In the last financial year, rising input costs posed a challenge to the Group. During the first half of the current financial year, raw material prices declined somewhat, as global economies weakened. The impact of Renminbi appreciation has also eased off. However, labour cost and manufacturing overhead in China have continued to rise, as recruitment and retention of workers have become more challenging. In response, the Group has raised workers’ compensation, as well as stepped up investment in factory improvements to address these issues. Driven by these cost increases, gross margin for the period stayed flat from the same period of the last financial year.
Group revenue in North America increased by 1.8% to US$439.0 million in the first half of the financial year 2013. The increase was mainly due to higher revenue from ELPs and CMS, which offset lower revenue from TEL products. North America remains the largest market for the Group, accounting for 50.1% of Group revenue.
During the period, revenue from TEL products declined by 10.4% to US$197.4 million. This was due to lower sales of residential cordless telephones, as the market is mature, compounded by uncertain economic growth and weaker than expected demand.
Nonetheless, VTech maintained its number one position in the US. The new Connect to Cell((TM)) system has sold well, proving that connectivity with mobile phones is a feature valued by consumers.

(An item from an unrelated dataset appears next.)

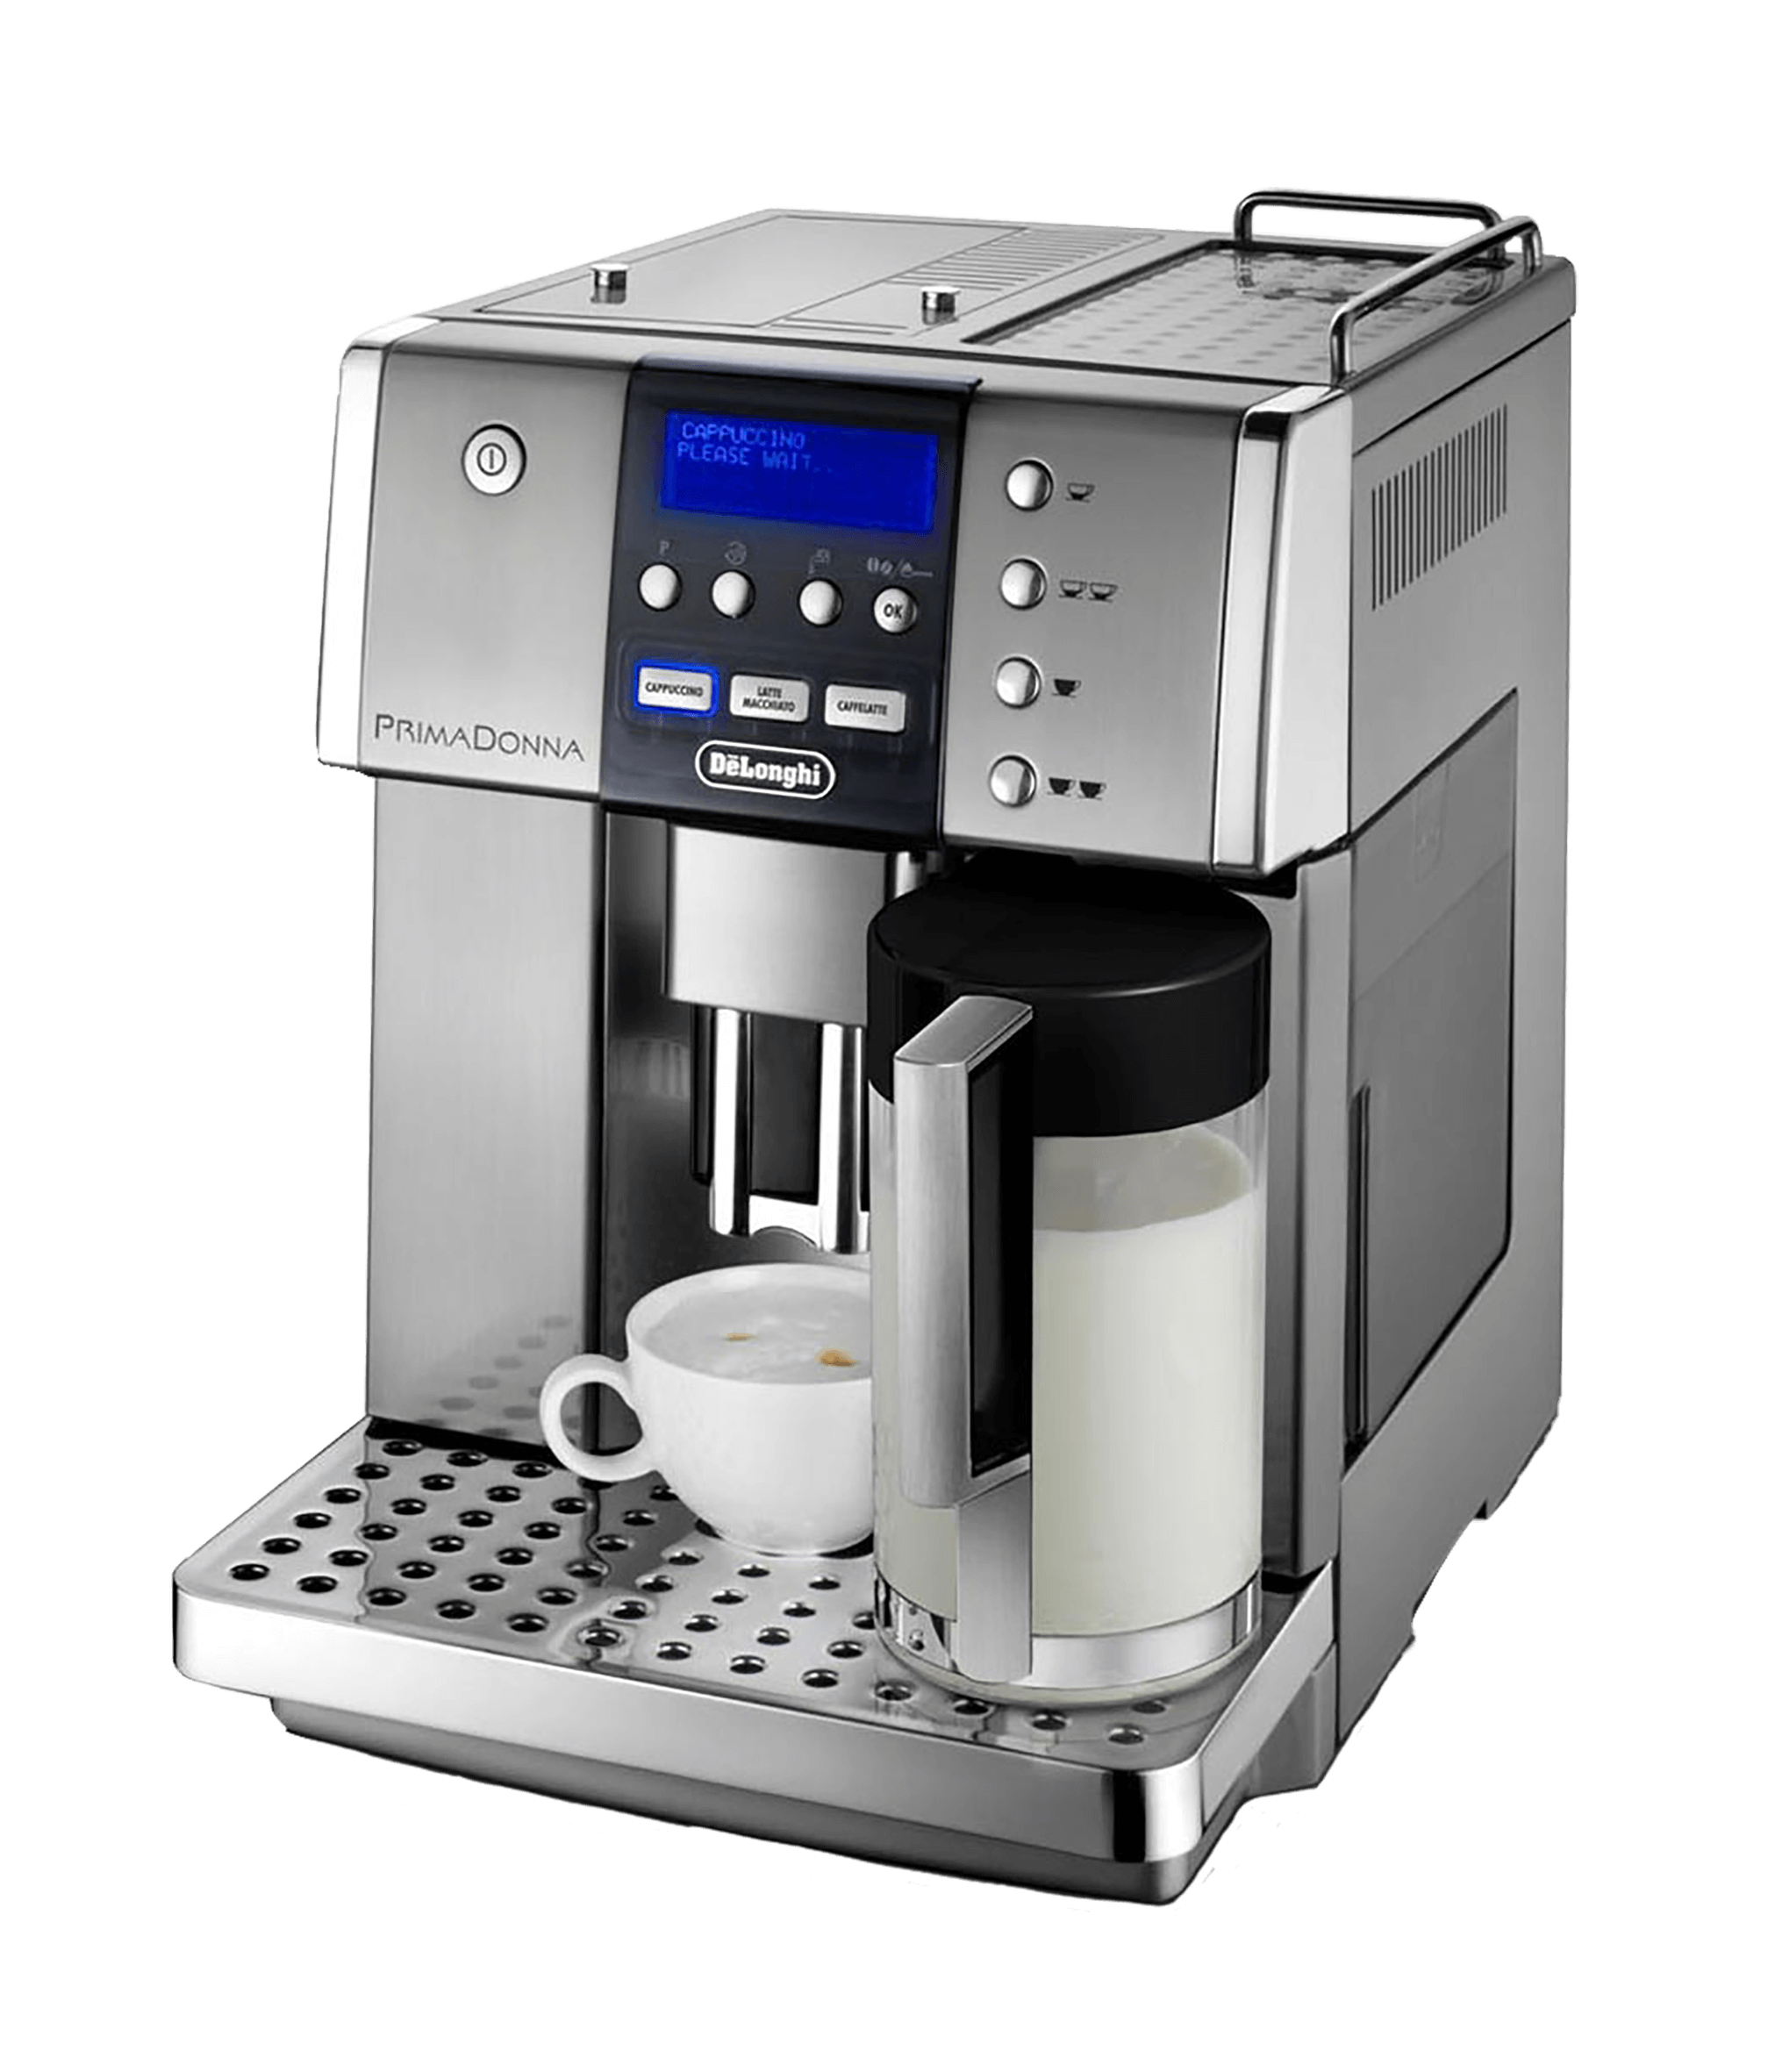 Delonghi Prima Donna Coffee Machine transparent PNG.

The Group’s strength in product development and design was also demonstrated by the Retro Phone, which featured in People magazine as one of the most innovative new consumer electronics products.

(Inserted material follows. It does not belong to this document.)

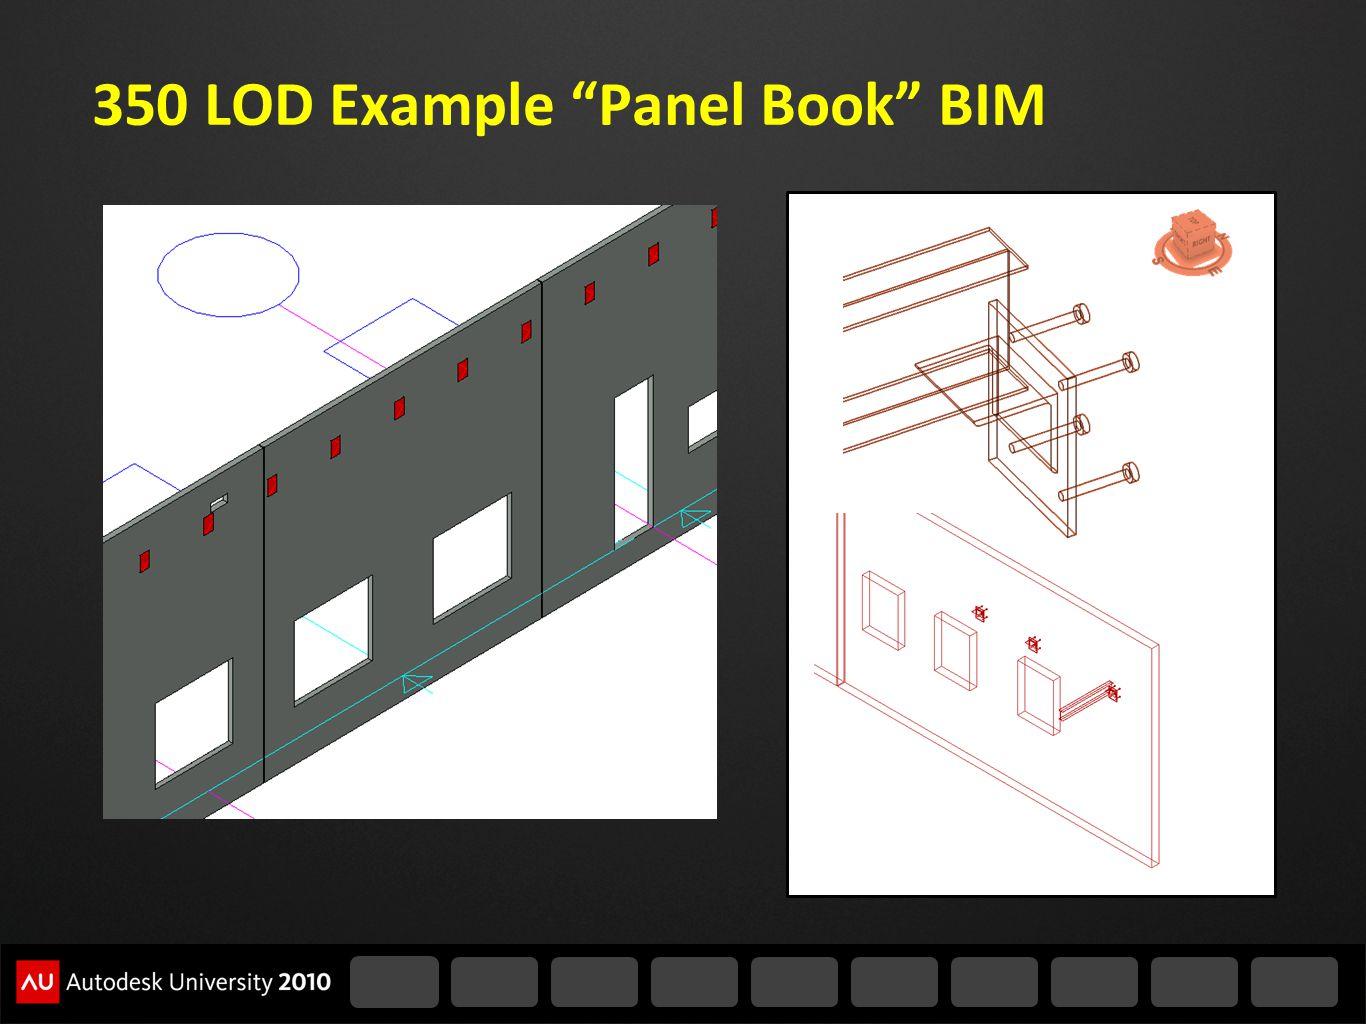 350 LOD Example Panel Book BIM

Sales of VTech’s commercial phones, including the small to medium sized business (SMB) phones and hotel phones, increased. The growth was primarily driven by a full six-month contribution from the hotel phones and increased sales of SynJ® and Synapse® business phone systems. SynJ features optional repeaters that can extend the range of cordless handsets, making it a unique solution for operations such as warehouses, restaurants and retail shops. Synapse can accommodate up to 100 extensions, and is an easy to use and affordable system for SMBs.
In September this year, the Group shipped its new four-line Small Business System to office super stores in the US. It is a user-friendly, easy-to-install 16-station system that does not require professional maintenance, saving companies time and money. This highly competitive product has been well-received by all retail customers.

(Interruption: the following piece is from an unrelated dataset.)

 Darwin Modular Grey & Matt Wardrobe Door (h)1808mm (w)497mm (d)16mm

ELP revenue in North America during the first six months rose by 26.0% to US$145.4 million, with growth attributable to both platform and standalone products. The revenue growth was driven primarily by InnoTab® and InnoTab® 2, VTech’s first and second generation educational tablets. This contrasts with the last financial year, when the majority of InnoTab revenue was not recognised in the first half.
InnoTab 2 hit the US market in August 2012. Offering increased storage capacity, a new rotatable camera and a built-in microphone, it has been well-received and has garnered a number of accolades, including being named one of Walmart’s “Top 20 Toys for Christmas”. MobiGo®, the educational handheld game console, was also updated to MobiGo® 2. Sales of MobiGo 2 also made a good contribution to growth.
Standalone products also performed well in North America. Switch & Go Dinos®, a new line of toys that transform between dinosaurs and vehicles, made the strongest contribution to growth in the first half. This new line was launched in May 2012, gaining the Group additional shelf space beyond the learning aisle. Other notable successes in new standalone products in the region included the Alphabet Activity Cube((TM)) and the Stencil and Learn Studio((TM)).
Revenue from CMS in North America increased by 0.6% to US$96.2 million. Although good growth was seen in industrial products and commercial solid state lighting, this was offset by a decline in sales to a professional audio customer, which entered the period with high inventory. Business with other professional audio customers, however, remained stable. Sales of internet phones for office use were lower, as the customer changed its inventory management strategy.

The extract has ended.